Выбрать главу

С Кружевницей хозяйка болтала куда охотнее, чем со мной. Я часто ее переспрашивал. А наша русская старушка не любила, когда собеседник давал понять, что плохо ее понимает. Повторять она не любила. Кружевница же отлично понимала все. Тут никаких недоразумений быть не могло — это я знаю по опыту.

Старушенция показала Кружевнице, как вязать. И та охотно стала учиться. Никакого намека она тут не заметила. Она вообще никогда не замечала зла. Они вязали вместе салфеточки. И пили крепкий чай. Ели печенье. Рассказывали друг другу истории — хотел бы я знать, на каком языке!

Когда я объявил старушенции, что мы съезжаем, для нее это, видимо, явилось чуть ли не ударом. Мне кажется, она привыкла к нам обоим, и ей было жаль расставаться с нами — даже больше, чем с деньгами, которые мы платили ей. Причем не только за комнату, но и за газ — с тех пор, Как стали пользоваться ее кухней.

Скупость, с какою она хранила все свои безделушки, все эти ненужные вещицы, была, конечно же, продиктована стремлением защититься от одиночества в непомерно большой квартире. И если кто-нибудь действительно страдал в минуту нашего отъезда, вернее, разрыва между Кружевницей и мной, так это была русская старушенция.

Потом я видел Кружевницу всего лишь раз. Много лет спустя.

Я по-прежнему преподавал латынь. И начал преподавать литературу. Всего пятнадцать часов в неделю да еще три, чтобы оплатить квартиру. На что-либо большее я не был способен.

И вот однажды пришло письмо. Из Аньера или из Сюрена, точно не помню. В письме сообщалось, что «дочка очень болела», но теперь ей лучше и даже «разрешили принимать посетителей». И выражалась надежда, что я не откажусь навестить ее, если выберу время.

Целую минуту я соображал, о ком и о чем идет речь. Память мою можно было сравнить с бутылкой прокисшего уксуса, который взболтали. Со дна поднялся осадок, жидкость замутнела, утратила прозрачность. В конце концов мне удалось привести в порядок воспоминания. Мать Кружевницы я видел всего один раз, но ее трудно было с кем-либо спутать. Манера выражаться, детский почерк — это могла быть только она. Но почему она вдруг решила мне написать — именно мне? Я несколько лет не виделся с Кружевницей. Я должен был бы исчезнуть из ее памяти, как она стерлась из моей.
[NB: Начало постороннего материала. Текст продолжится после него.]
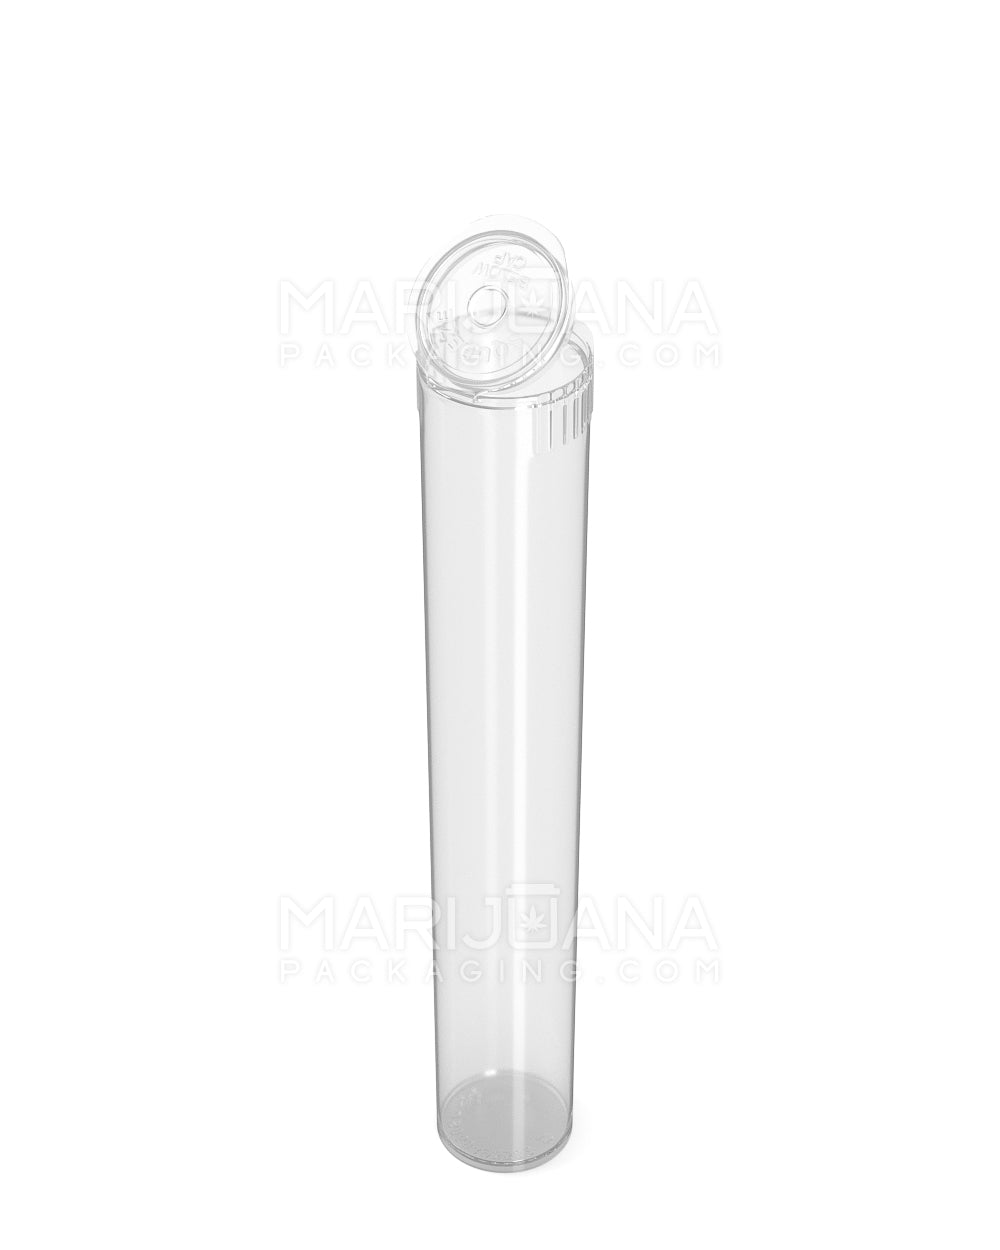 POLLEN GEAR | Child Resistant Pop Top Plastic Snap Cap Pre-Roll Tubes | 116mm - Clear - 1008 Count - 4

Я будто увидел свою фотографию в семейном альбоме незнакомых людей: вот — дедушка, там — маленькая племянница, разряженная для первого причастия, а вот и вся семья на свадьбе старшего сына. И вдруг среди всех этих чужаков вы видите себя! Да-да, вне всякого сомнения, это — вы! Если только... И вы спрашиваете: «А это кто?» — «О, это наш дальний родственник. Он живет за границей». И вы переворачиваете страницу — слава богу! Вы видите новые, совсем незнакомые, совсем безразличные вам лица. Вы обманулись — это была лишь иллюзия, простое совпадение. Кстати, только вы его и заметили.
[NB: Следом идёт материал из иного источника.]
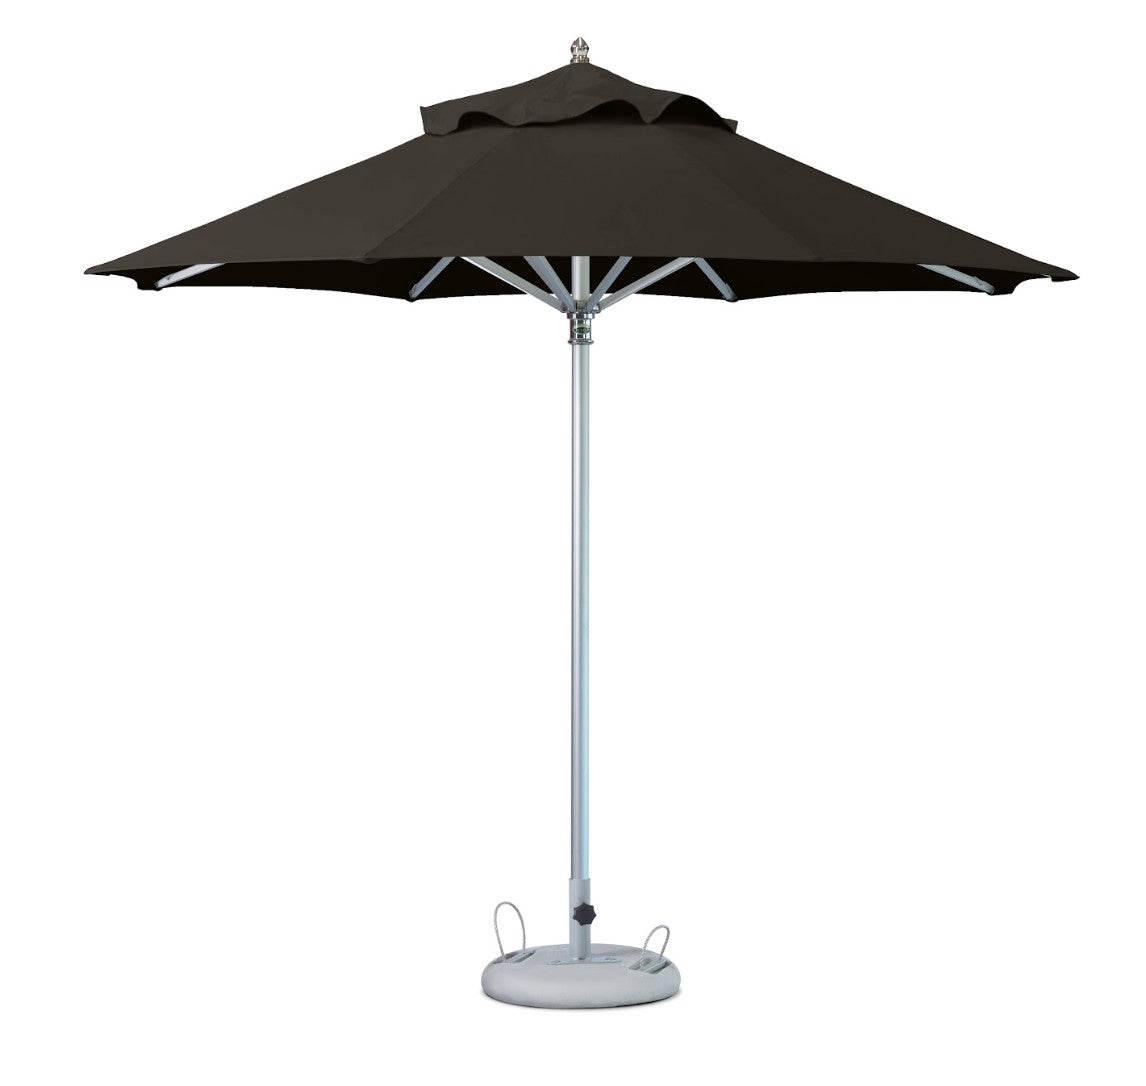 10' Black Polyester Round Market Patio Umbrella

Так или иначе, а письмо, которое я держал в руках, означало, что моя персона занимает какое-то место и в альбоме и в памяти этой семьи. И я решил отправиться по адресу, указанному в письме.

Больница располагалась в трех или четырех корпусах, окруженных деревьями, в тридцати километрах от столицы, по пути в Шартр. Стоял июнь; посетители и больные сидели на скамейках, рассеянных по парку. Я тоже сел на скамейку, рядом с Кружевницей.
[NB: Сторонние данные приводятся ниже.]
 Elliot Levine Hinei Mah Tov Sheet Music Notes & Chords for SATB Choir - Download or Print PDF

Я мог бы вполне представить себе, что мы отдыхаем с ней в каком-нибудь местечке на водах в окружении других курортников (правда, некоторые из них — в халатах). Но я видел перед собой щемящую душу хрупкость и неподвижный, точно зачарованный взгляд. Все это принадлежало иному миру, не имело ничего общего с цветущими клумбами и тенью ветки, тихонько колыхавшейся над головой Кружевницы. Я спросил ее, давно ли она здесь. С весны. А раньше? Раньше — ничего. Она все время болела. Могу я представить себе: она просто не могла есть?! Ничего не в силах была с собой поделать. При всем желании куска не могла проглотить. Какая-то странная болезнь. Вот ее и положили в больницу, сначала — в Париже, а потом перевели сюда. Теперь все хорошо, я могу не волноваться. Да меня это и не волновало, во всяком случае если и волновало, то не это. Я продолжал настаивать: «Ну, а раньше? Что же все-таки было раньше?» Она ответила: «Ничего».

А как раз это-то мне и хотелось понять, выяснить, что значит «ничего», за которым стоят годы, прошедшие между нашим разрывом и сегодняшним днем; годы, погрузившие в неизмеримое одиночество это тело, словно уже ушедшее из жизни.